Top of Recorded information

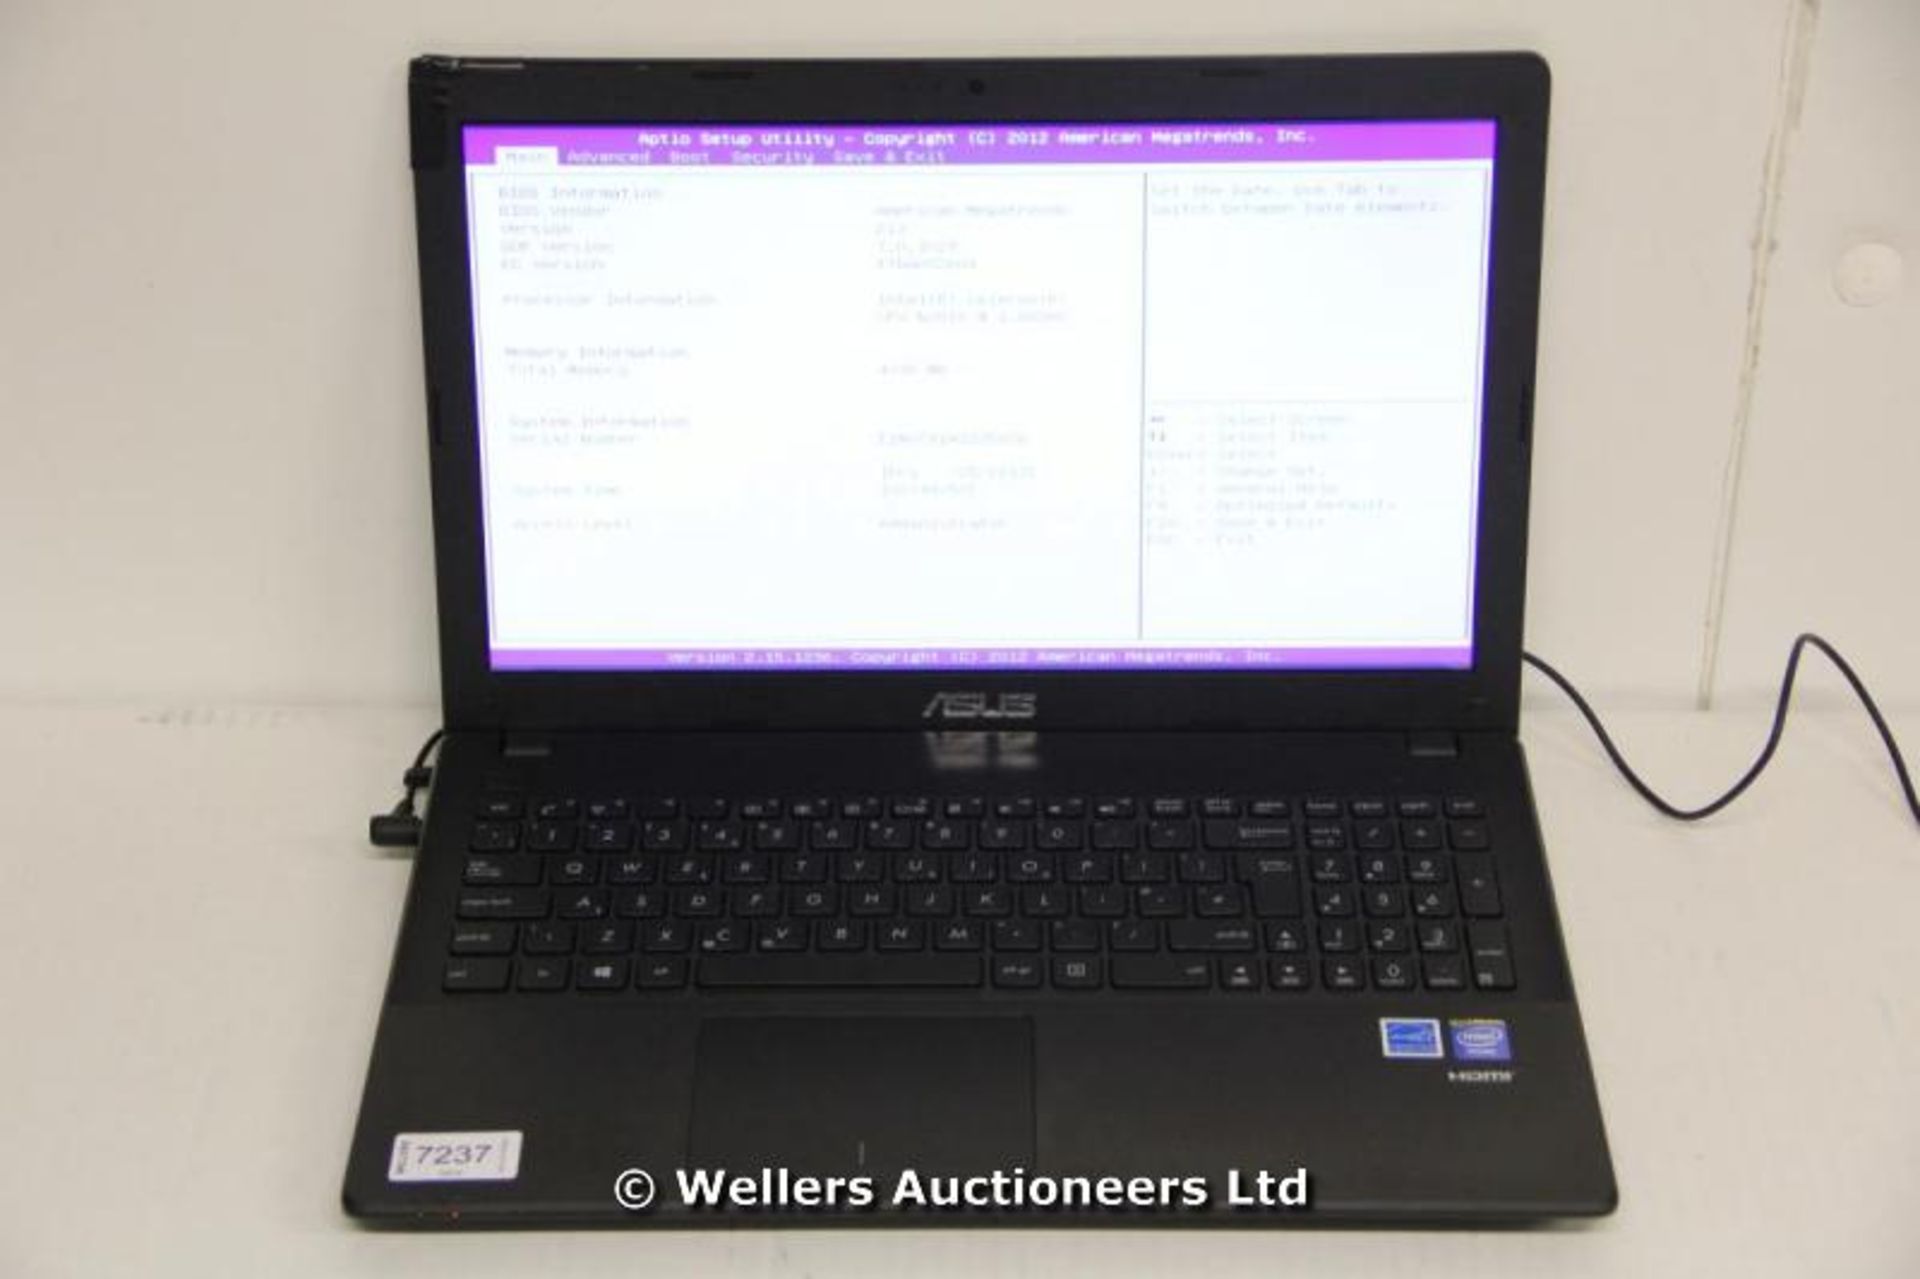 *"ASUS X551MA 15.6" LAPTOP / INTEL CELERON N2815 1.86GHZ / RAM 4GB / 500GB HDD / WITHOUT OPERATING
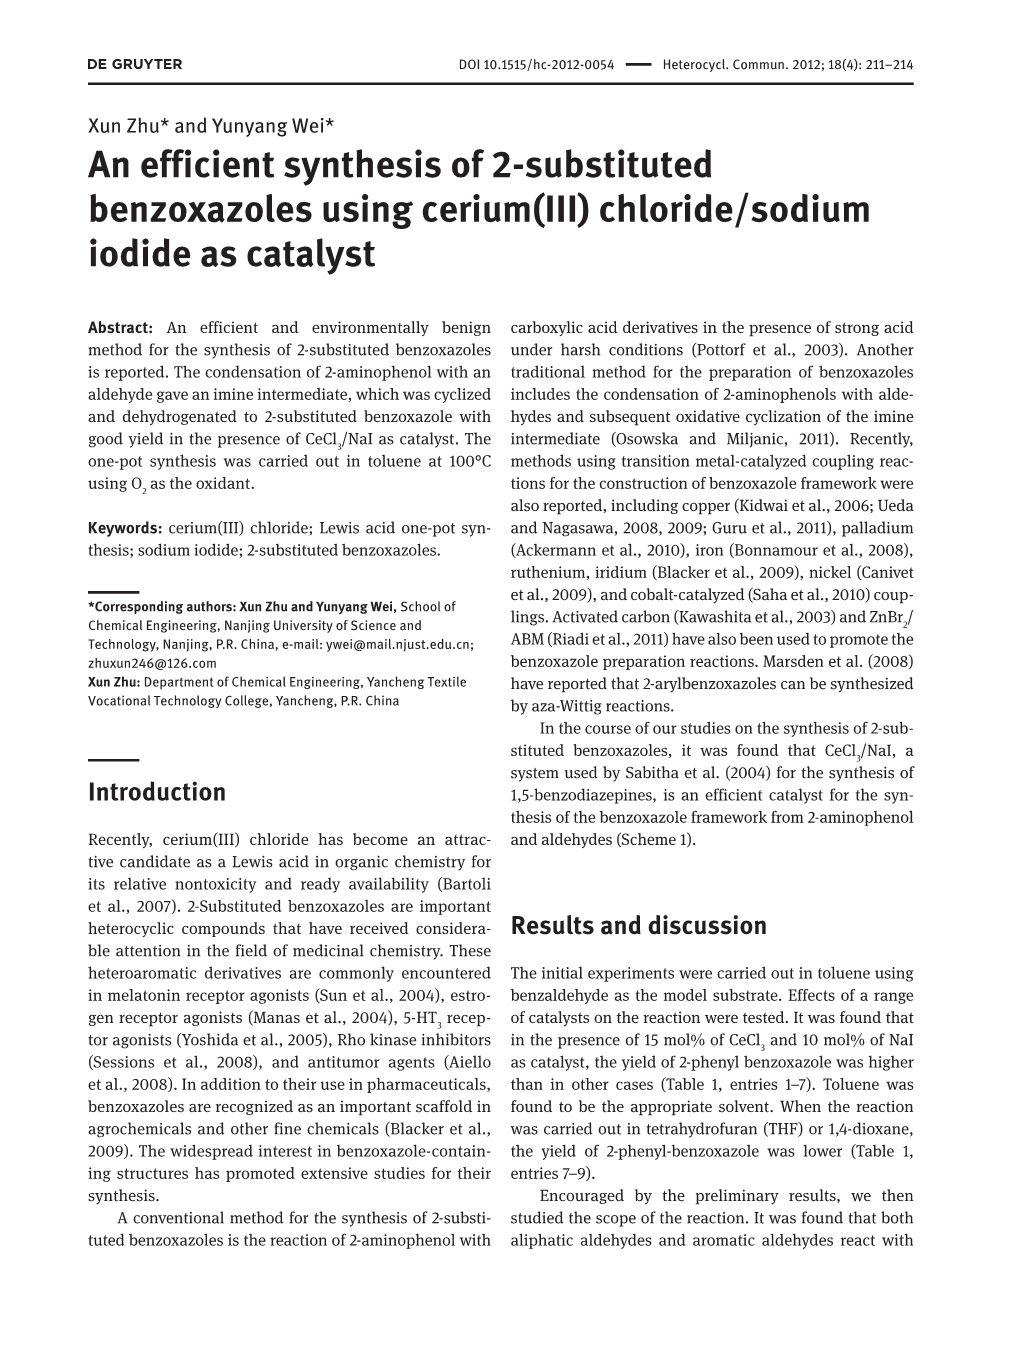 An Efficient Synthesis of 2-Substituted Benzoxazoles Using Cerium(III) Chloride/Sodium Iodide As Catalyst
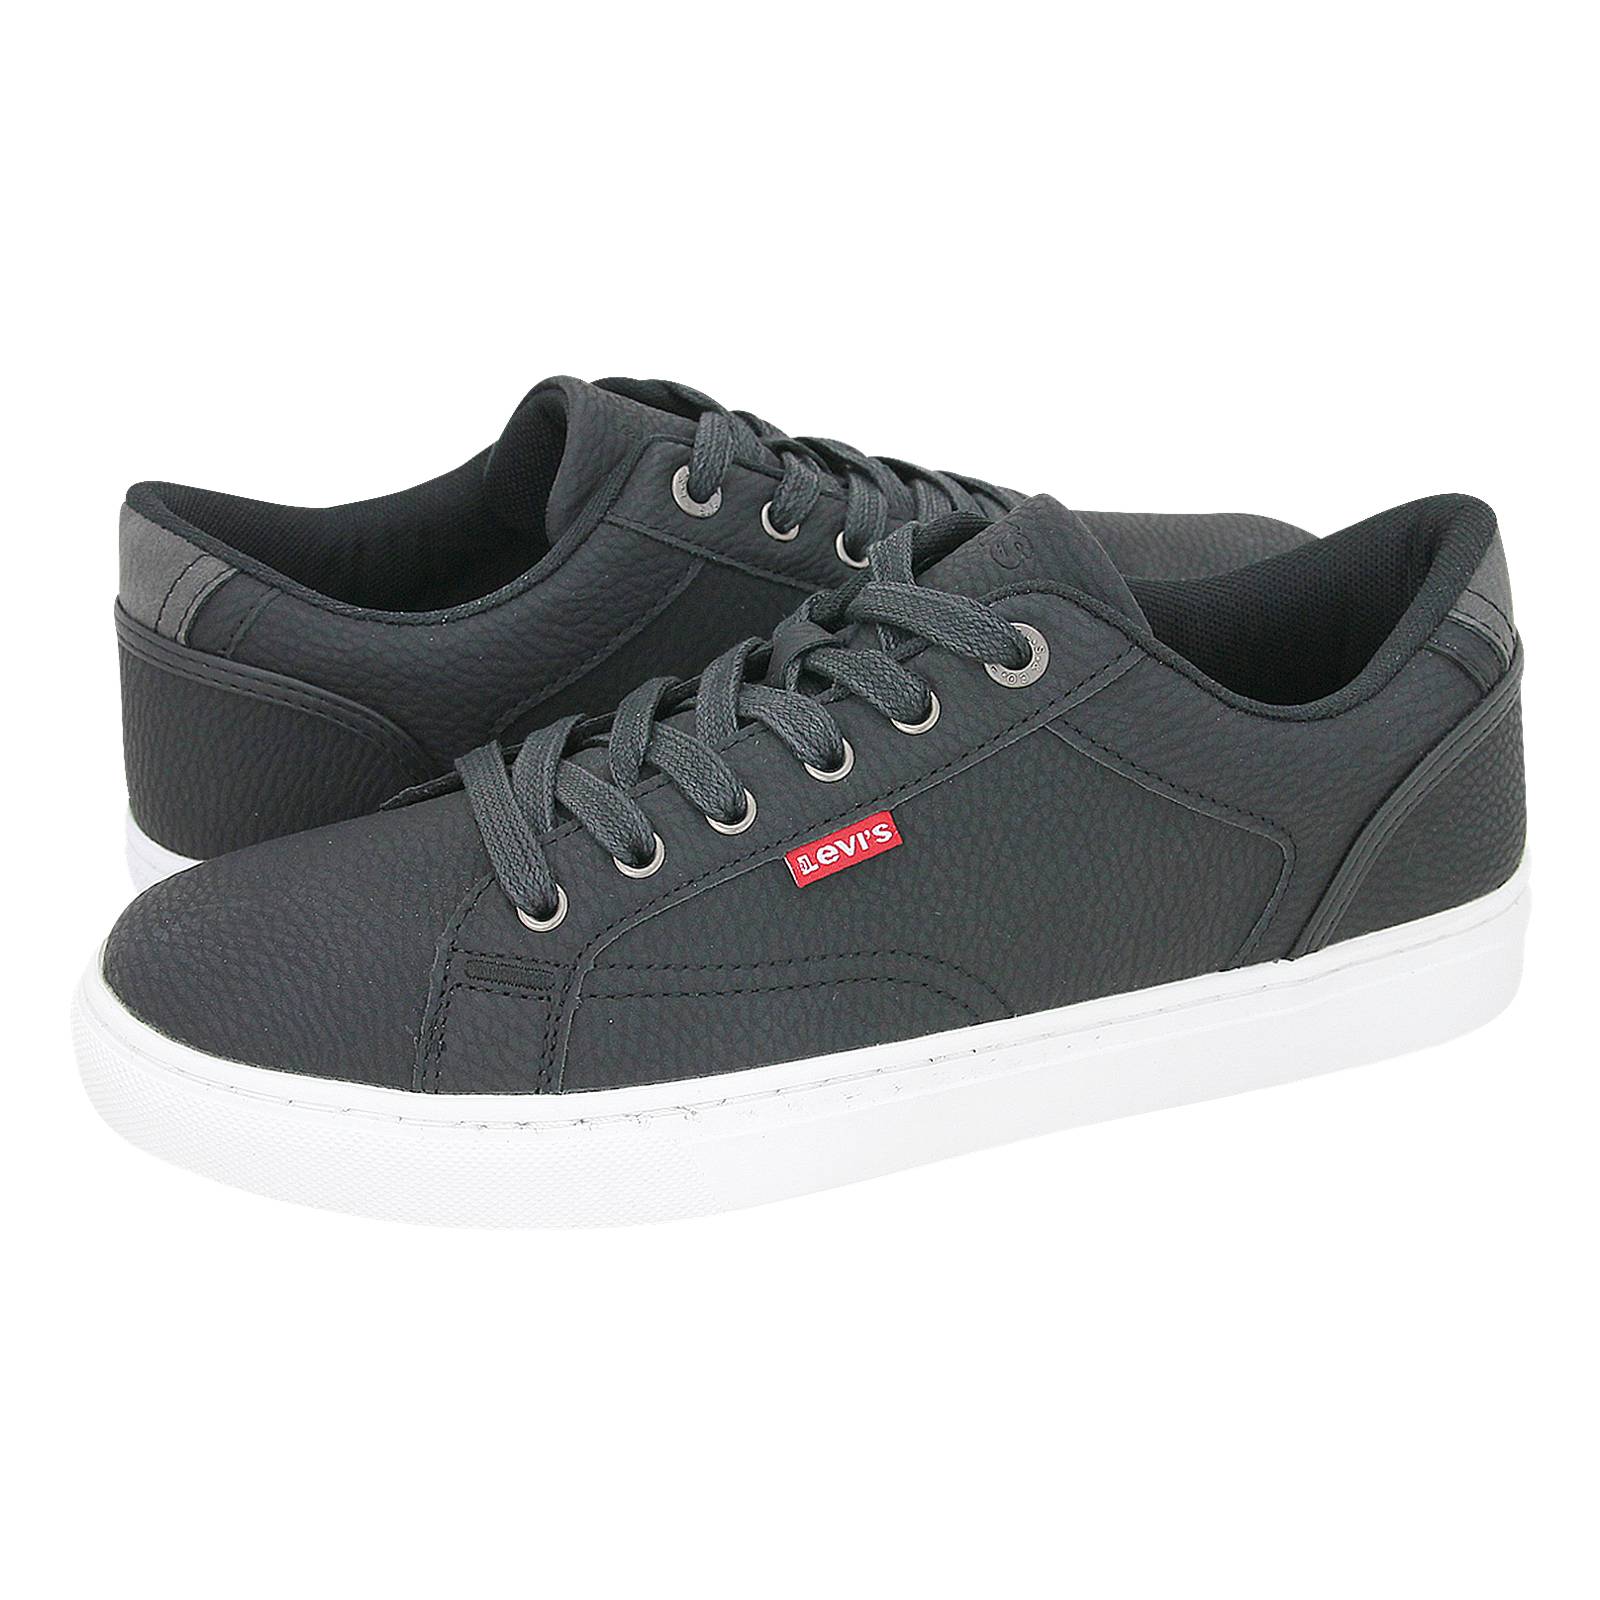 Courtright - Levi's Men's casual shoes made of synthetic leather - Gianna  Kazakou Online

Bottom of Recorded information

The problem ::
Please reproduce the whole listing exactly; the pictures stay out.

Answer for this exercise ::
 *"ASUS X551MA 15.6" LAPTOP / INTEL CELERON N2815 1.86GHZ / RAM 4GB / 500GB HDD / WITHOUT OPERATING
 An Efficient Synthesis of 2-Substituted Benzoxazoles Using Cerium(III) Chloride/Sodium Iodide As Catalyst
 Courtright - Levi's Men's casual shoes made of synthetic leather - Gianna  Kazakou Online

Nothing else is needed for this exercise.